С этой точки зрения шаманская медицина, согласно Леви-Стросу, занимает промежуточное положение между современной органотерапией и психотерапией (в частности, психоанализом). Особенность шаманского лечения состоит в том, что оно применяет к органическому расстройству метод, близкий к психоаналитическому. Остановимся на этом подробнее и сравним их.
В обоих случаях, по Леви-Стросу, целью является перевод в сферу сознания внутренних конфликтов и препятствий, которые были до того неосознаваемыми либо из-за своей угнетенности другими психическими силами (психоанализ), либо потому, что природа процессов, которые происходят, имеет не психический, а органический характер (в случае родов). Аналогично, в обоих случаях внутренние конфликты и препятствия исчезают не потому, что больные получают знания о них, а потому, что эти знания вызывают особые переживания, при которых конфликты реализуются в такой последовательности и таким способом, который благоприятствует их разрешению. Подобный пережитый опыт в психоанализе называется «отреагированием». При использовании народных методов лечения возникает похожее специфическое переживание. По мере того, как это переживание самоорганизуется, механизмы, которые были вне контроля пациента, саморегулируются и начинают упорядоченно функционировать.

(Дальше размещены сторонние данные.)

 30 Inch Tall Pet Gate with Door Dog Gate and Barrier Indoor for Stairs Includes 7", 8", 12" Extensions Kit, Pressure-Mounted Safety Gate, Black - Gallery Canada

Шаман играет ту же двойную роль, что и психоаналитик: для психоаналитика это роль выслушивающего, для шамана – оратора, однако они оба устанавливают непосредственную связь с сознанием и опосредованную – с подсознанием больного. Но шаман не только провозглашает заговоры: он является и их героем, поскольку именно он проникает в больные органы во главе целого войска надприродных духов и освобождает плененную душу. С этой точки зрения он перевоплощается, как и психоаналитик. Последний, как известно, тоже является объектом «переноса». Благодаря внушенным человеку (больному) представлениям, он становится реальным действующим лицом того конфликта, который переживается больным на границе органического и психического. Больной неврозом, противопоставляя себя реальному лицу – психоаналитику, избавляется от своего индивидуального мифа, а роженица Южной Америки – от реально существующего органического расстройства, отождествляя себя с мифически перевоплощенным шаманом.

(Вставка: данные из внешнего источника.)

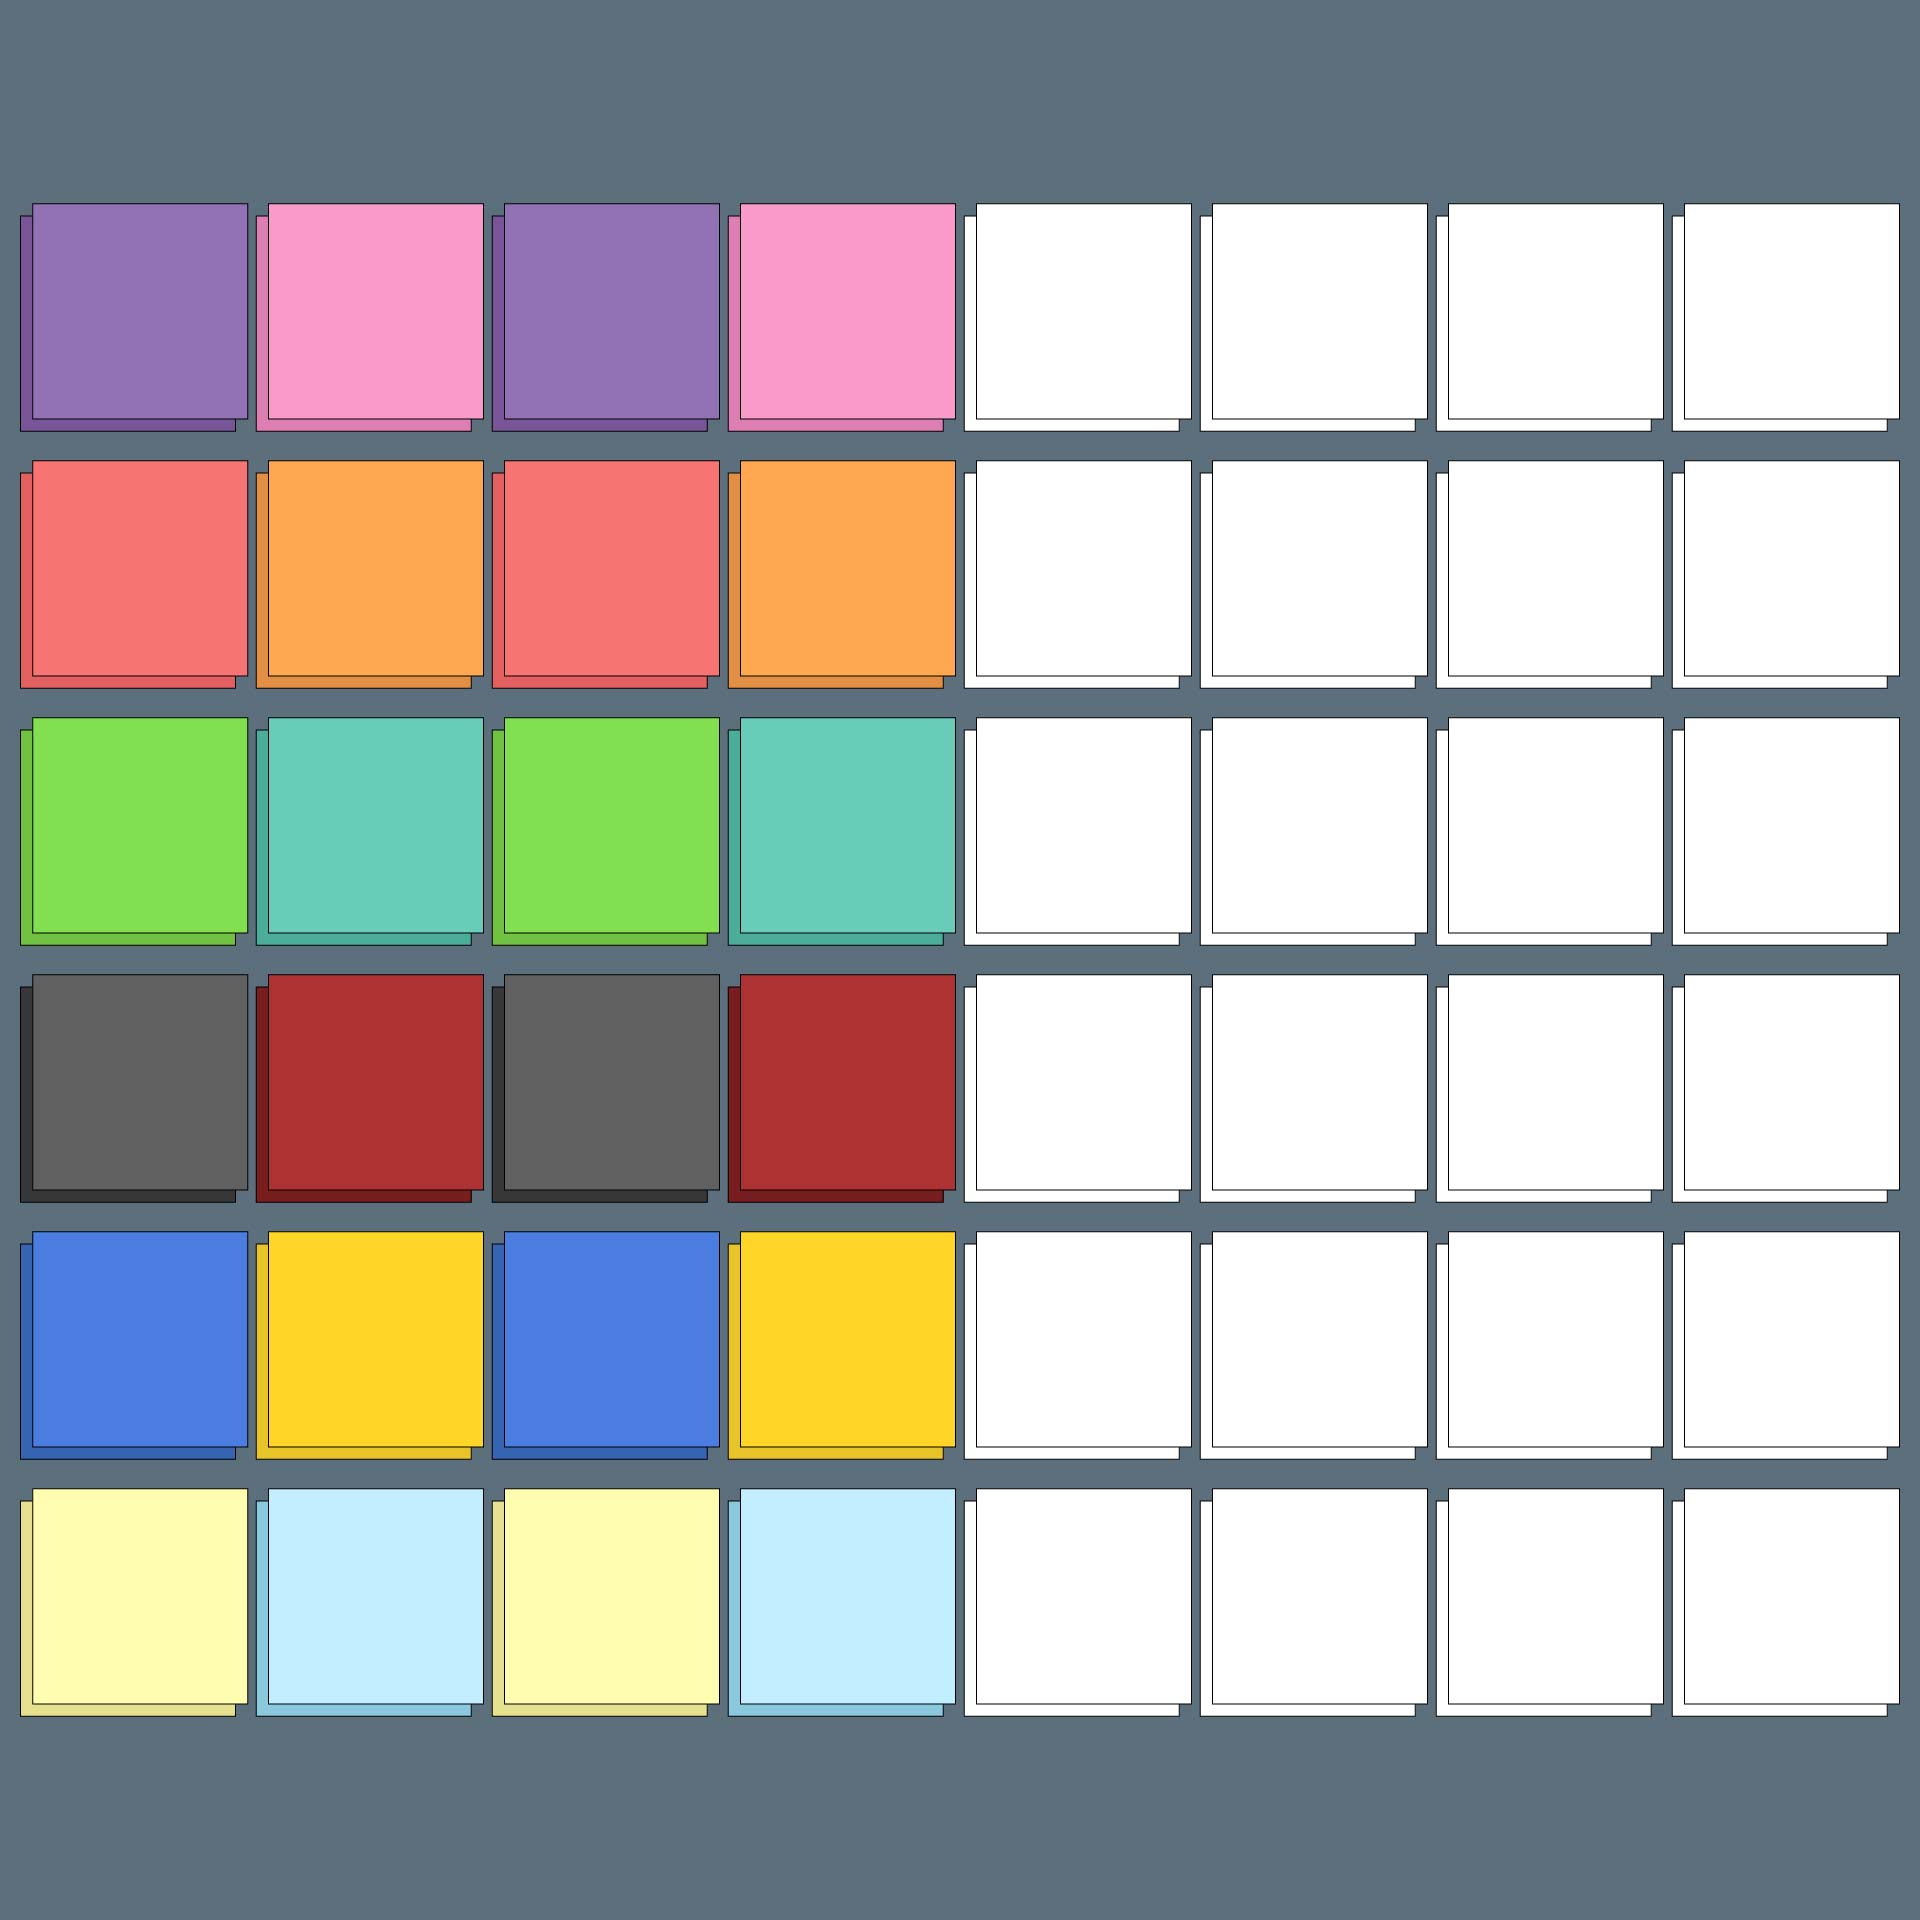 Unifix Cubes Template For Patterning

Однако существует и ряд принципиальных отличий, ведь понятно, что в одном случае необходимо вылечить психическое нарушение, а в другом – органическое расстройство. Оба метода понуждают к тому, чтобы возникло определенное переживание, и они делают это при помощи мифа, который больной должен пережить (впервые или повторно). Но в одном случае это индивидуальный миф, который больной строит из элементов своего прошлого, а в другом – социальный, полученный больным извне. Но структура мифа на уровне подсознательных психических процессов должна быть аналогичной той органической структуре, появление которой на телесном уровне и необходимо вызвать с помощью мифа. Эффективность символики, по Леви-Стросу, как раз и состоит в той «индуктивной способности», что имеют одна относительно другой формально гомогенные структуры, построенные на разном материале и на различных уровнях живого: на уровне органических процессов, неосознаваемых психических процессов и сознательного мышления.

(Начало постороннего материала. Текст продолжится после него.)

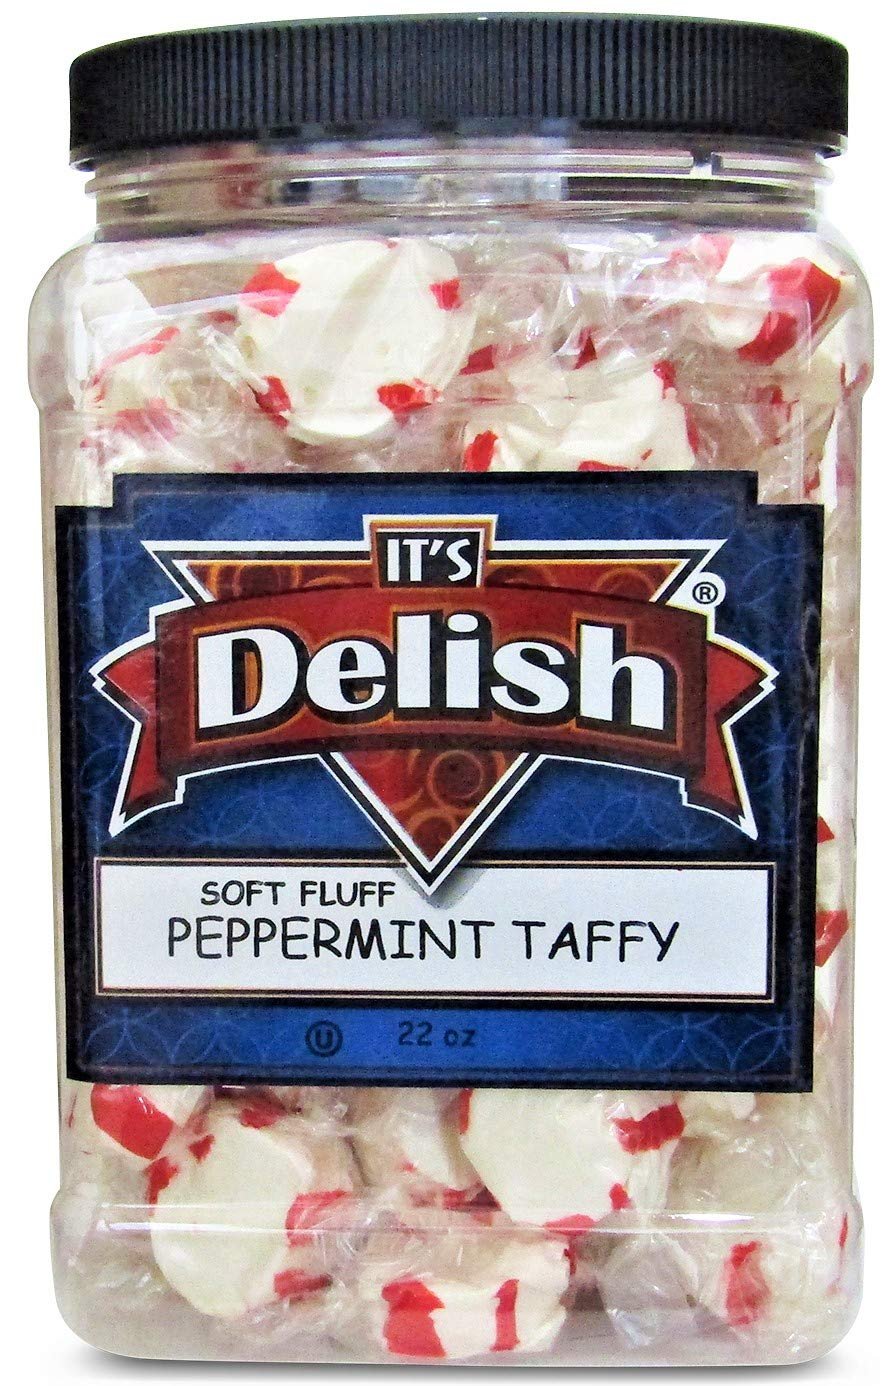 It's Delish Soft Fluff Peppermint Taffy Chews  – 22 Oz Jumbo Reusable Container – Individually Wrapped Minty Sweet & Juicy Candy Taffies

Чтобы подготовить «отреагирование», психоаналитик выслушивает, а шаман – говорит. Более того, когда переносы уже сделаны, больной заставляет говорить психоаналитика, передавая ему предвидимые намерения и чувства. В заговоре же, наоборот, шаман, спрашивая больного и самостоятельно отвечая на вопросы, внушает последнему свою интерпретацию его состояния, которую тот должен принять.
В своей «Анатомии зависимости» (1982) Такео Дои описывает эмоциональную зависимость – амае – которая, на его взгляд, играет решающую роль в формировании личности японцев. В случае матриархата, когда отцу отводится лишь незначительная роль, именно взаимоотношения «ребенок-мать» определяют психологическое развитие индивида и его отношения с обществом. Западная психиатрическая традиция исходит из «кастрационной» роли отца и его вмешательства во взаимоотношения матери и ребенка (которые в противном случае были бы герметично закрытыми). Японская психиатрия исходит из признания диады «ребенок-мать», описанной первым японским психиатром Косавой как «комплекс Айасе» (в буддийской мифологии имя царя, который хотел убить свою мать).
Доктор Косава, применив к своим пациентам психоаналитический метод свободных ассоциаций, обнаружил, что у них нет тех проявлений «комплекса Эдипа», о которых писал 3. Фрейд. То, что он наблюдал, скорее, было «комплексом Айасе» – «чувство своей вины перед матерью и зависимость от нее, которые возникают после того, как она простила вас, несмотря на ваши попытки убить ее, чтобы удовлетворить свои агрессивные стремления».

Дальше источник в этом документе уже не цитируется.